# Blowtoad/Puffers poisonous?



## JeepMike (Feb 4, 2008)

I have heard all sorts of urban legends surrounding this lil guy. I did some prelimenary looking around, and there is a very toxic puffer in Japan apparently the "Fugu" and is a different species entirely. I have heard the puffers on the East coast can give you a buzz or something to that effect, but has anyone been sick or heard of any crazy stories about these fish? Thanks!!! :beer::beer:


----------



## AL_N_VB (Apr 3, 2002)

Mike...ask em locals how ta clean them blow-toads..jus like skin'n them fresh water channel cats. IMHO best eatin fish this side of the Missisippi [ a tie with 'em sea mullet ]. Dip 'em in some corn meal and fry em.....betcha wish ya had a dozen more!

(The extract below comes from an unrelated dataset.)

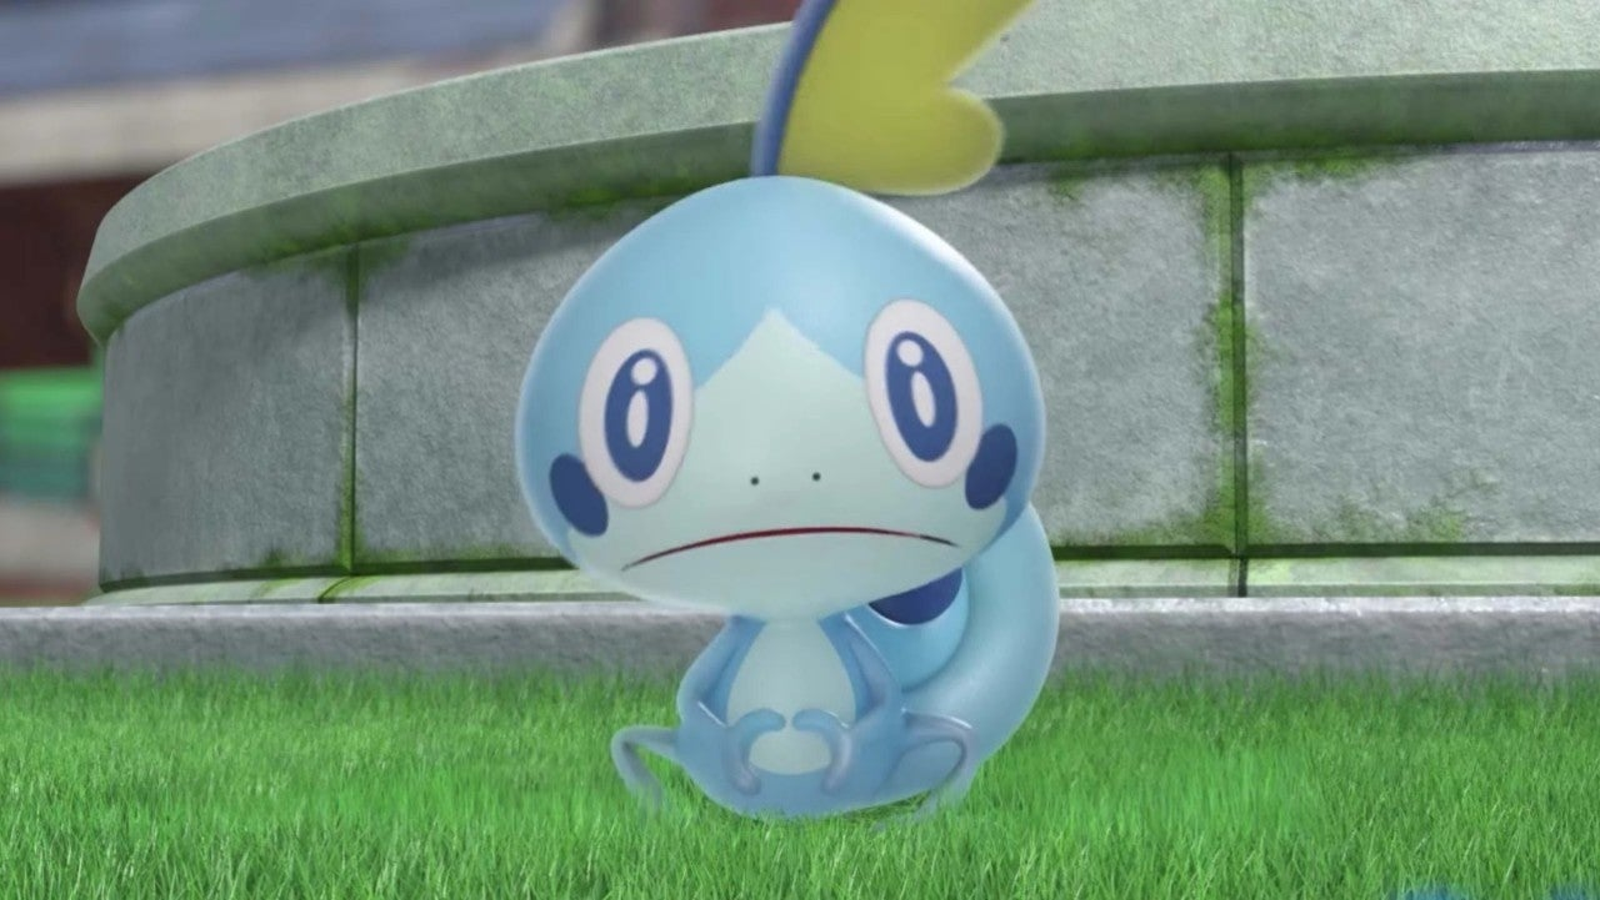 Nintendo Publicly Blacklists Video Game Site Over 'Pokémon Sword And  Shield' Leaks

Them exotic blow toads from Japan are the ones ya gotta watch out for. I plan to sashimi a North Atlantic blow toad this year


----------



## saltandsand (Nov 29, 2007)

As long as they are fresh, no at issue. And they are mighty tasty. I like mine with cornmeal coating, and I do not prefer all fish made this way. 

Clean em well. Even so, if it happens it'll only be a bout of diarrhea. 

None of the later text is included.